ADCContainersDeployment

Introduction

Containers are a solution for several operational problems on the grid WNs.

  • Installation of different OS from SL/RHEL/CentOS
  • OS upgrades don't need coordination with experiments anymore
  • Minimal installation on the nodes if sites prefer
  • Allows experiment to run tests with specific software or setups
  • May offer another approach to software distribution to sites that don't support CVMFS
  • Simplifies running on HPC resources
  • Payload isolation
  • Data and Software preservation
  • User containers deployment

Operating System

  • Most of the features work only on CentOS7 family of OS not all features work in every version
    • CentOS7.2 or earlier: it can work with some particular site setup.
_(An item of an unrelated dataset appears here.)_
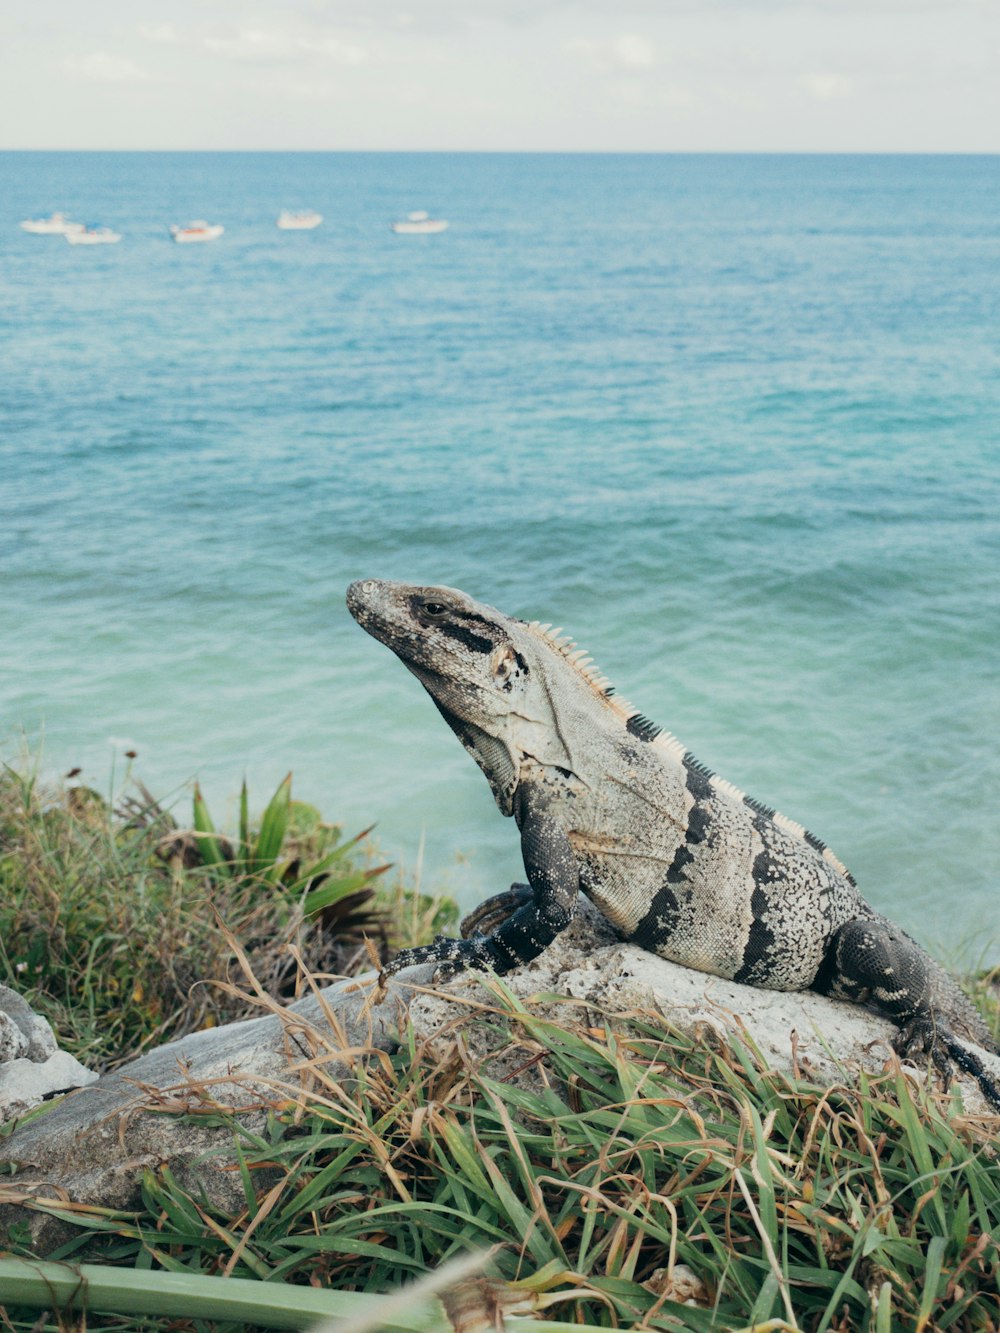 a large lizard sitting on top of a rock near the ocean

Not recommended!
    • CentOS7.3: overlay (allows bind paths when the path doesn't exist in the image) enabled (see Required Parameters)
    • CentOS7.4 possibility to run singularity without setuid. It will require some changes to the /etc/default/grub files that can be added at installation time. More will be added when the situation is better defined. Still to be tested by ATLAS (some testing done by CMS)
    • CentOS7.6 user namespaces become production still need to be enabled
    • CentOS8 user namespaces are enabled by default

Pilot setup

Containers will be enabled with Pilot2. Pilot 2 is single-process multi-threaded and it is only possible to execute individual commands in containers. So payloads, stage-in, stage-out and other commands will be executed in different containers. Pilot2 calls singularity using ALRB which wraps the image and sets up the environment for the job to run. For user containers instead it simply runs the container without doing anything else, this as of January 2019 also works with pilot1 at CentOS7 sites with singularity installed.
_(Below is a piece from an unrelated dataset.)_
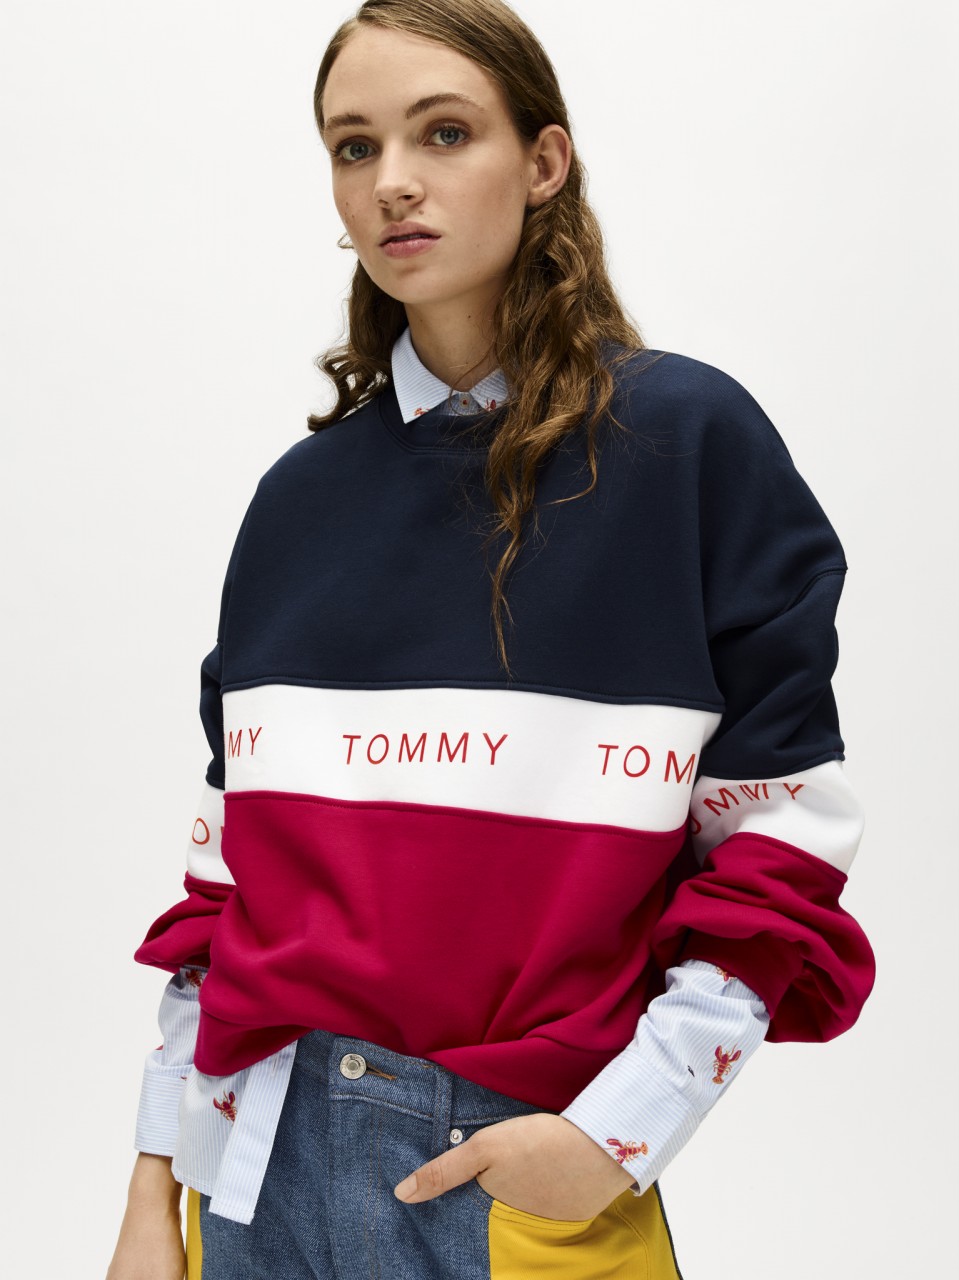 Tommy Jeans Is The New Name Of Tommy Hilfiger's Denim Label – Lipstiq.com

14/8/2019: pilot2+singularity are currently being commissioned. There are currently 230k slots running containerized payloads.

AGIS setup

  • AGIS container parameters: container_type and container_options are used by the wrapper and pilot to decide what to do.

    Example

    container_type: "singularity:pilot" 
    container_options: "-B /mnt/lustre_2 --nv"
    
    These can be both left empty and the wrapper and the pilot will act accordingly running a standard job.

    If only container_type is filled ALRB will try to guess the bind points from the environment ($PWD, $HOME, $TMPDIR), this is the best way for sites to run as it doesn't require for the site to edit the PQ with its internal details however if you want to add options you need to set container_options, then the additional options will be passed to singularity via ALRB

Singularity configuration at sites

ATLAS can run with different singularity configurations in particular if underlay is enabled it can run either with setuid or with non-setuid executables. Below three recommended setups, a way to test and after that some important distinctions in case you need an explanation.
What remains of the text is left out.